Data:
"""

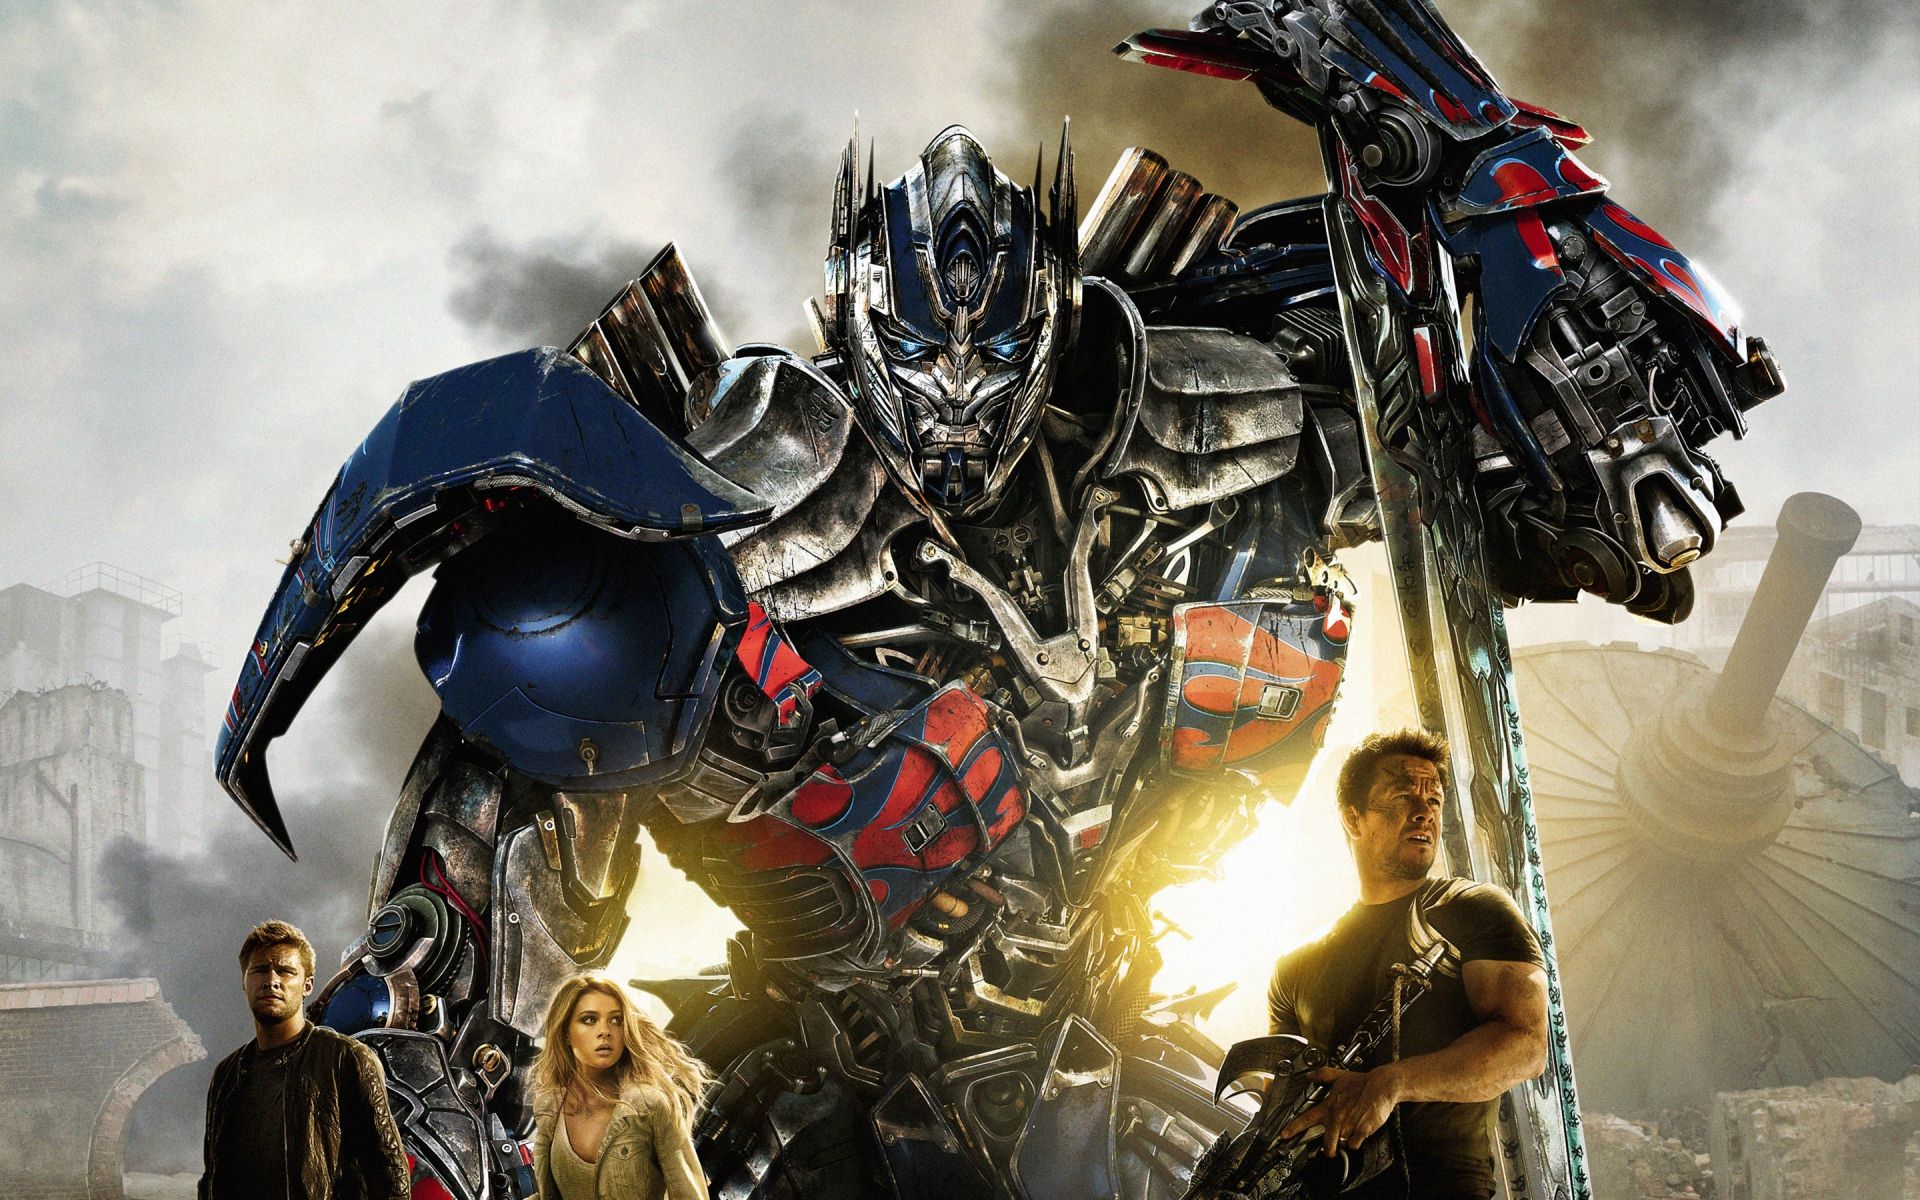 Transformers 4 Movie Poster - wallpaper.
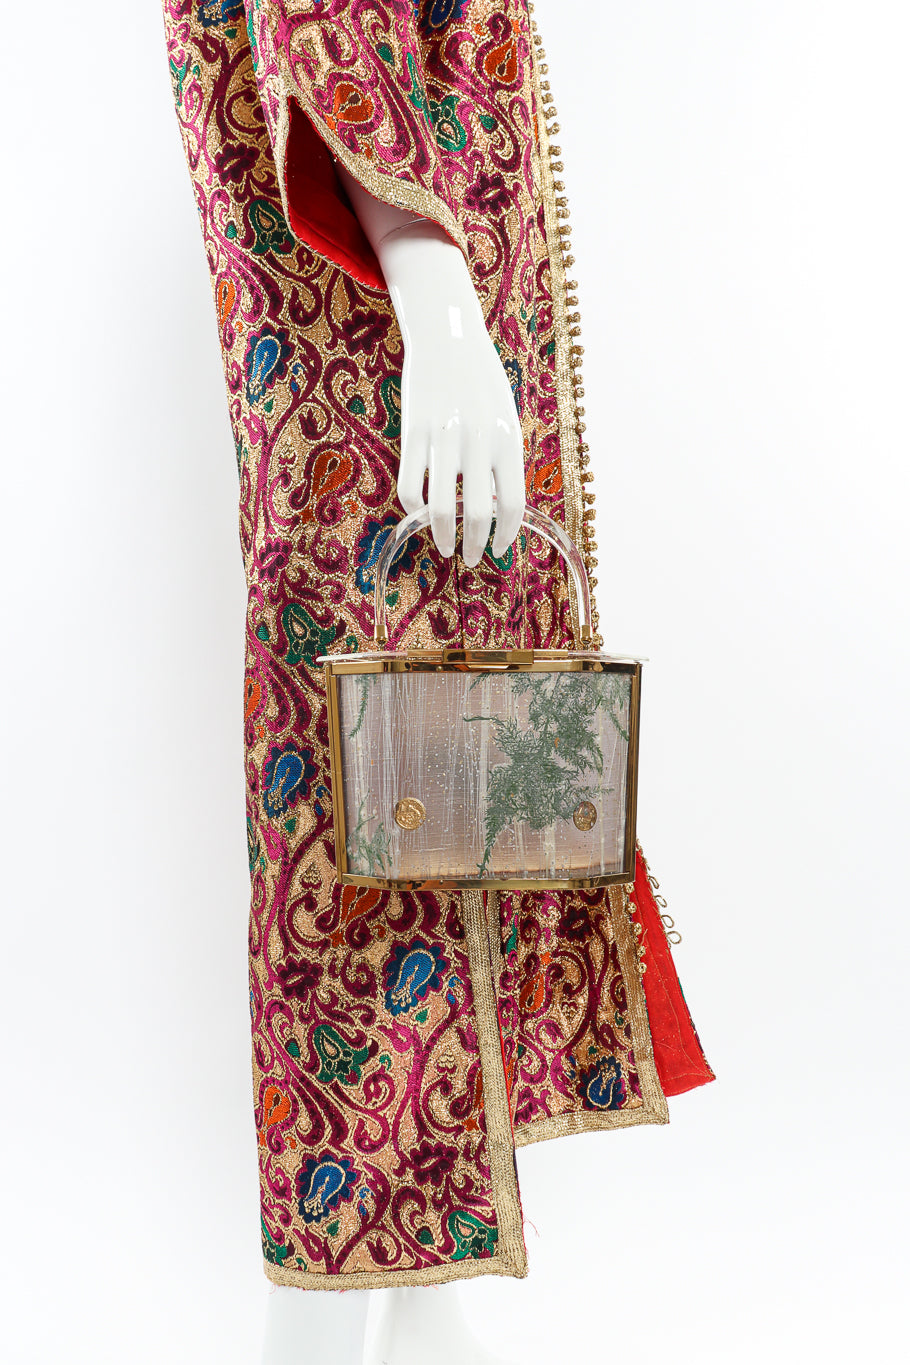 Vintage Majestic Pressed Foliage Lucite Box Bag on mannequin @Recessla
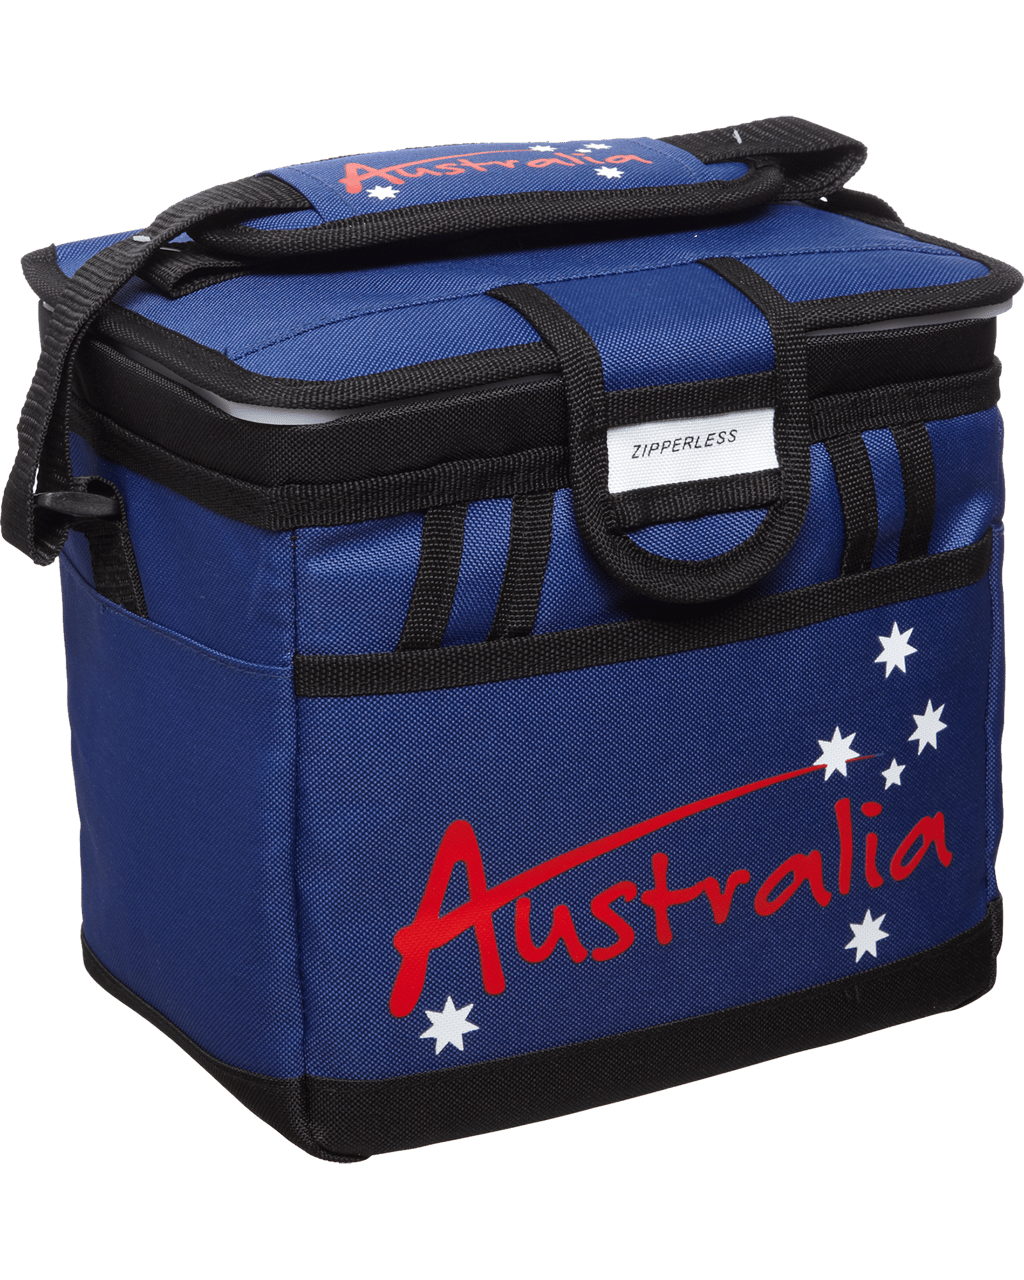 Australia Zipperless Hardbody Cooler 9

"""
"""

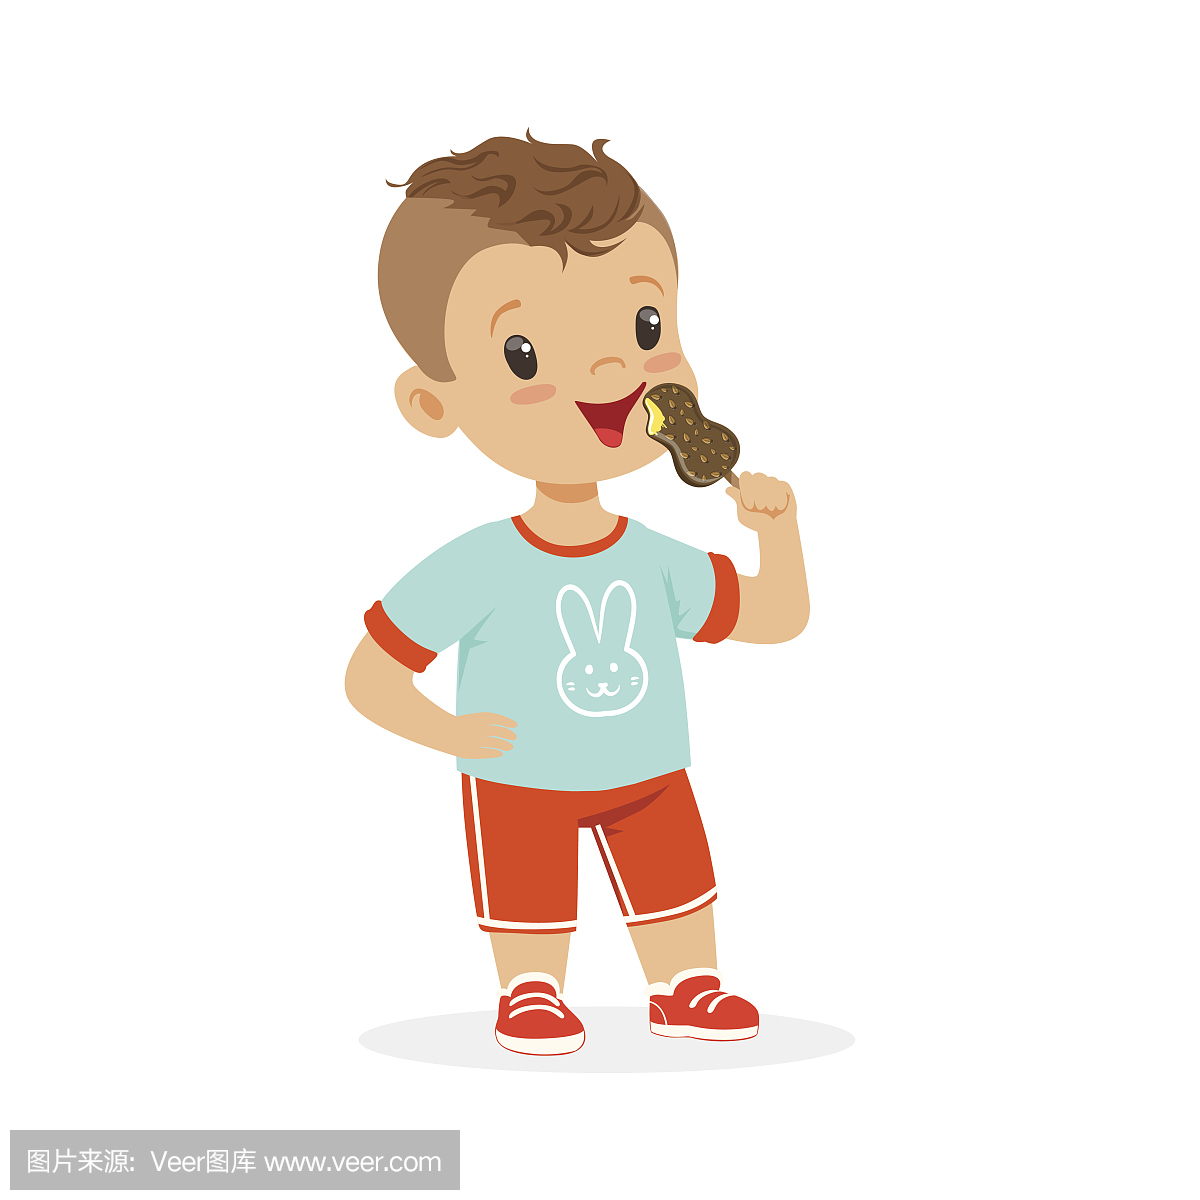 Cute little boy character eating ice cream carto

"""
"""

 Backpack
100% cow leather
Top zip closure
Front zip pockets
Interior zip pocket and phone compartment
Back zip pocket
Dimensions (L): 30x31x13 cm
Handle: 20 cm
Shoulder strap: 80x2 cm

"""

How to complete this task: The entries above hold a line with "Dimensions (L): 30x31x13 cm" and a later line with "Shoulder strap: 80x2 cm". Write out exactly those lines and all lines between, nothing more.

Solved exercise:
Dimensions (L): 30x31x13 cm
Handle: 20 cm
Shoulder strap: 80x2 cm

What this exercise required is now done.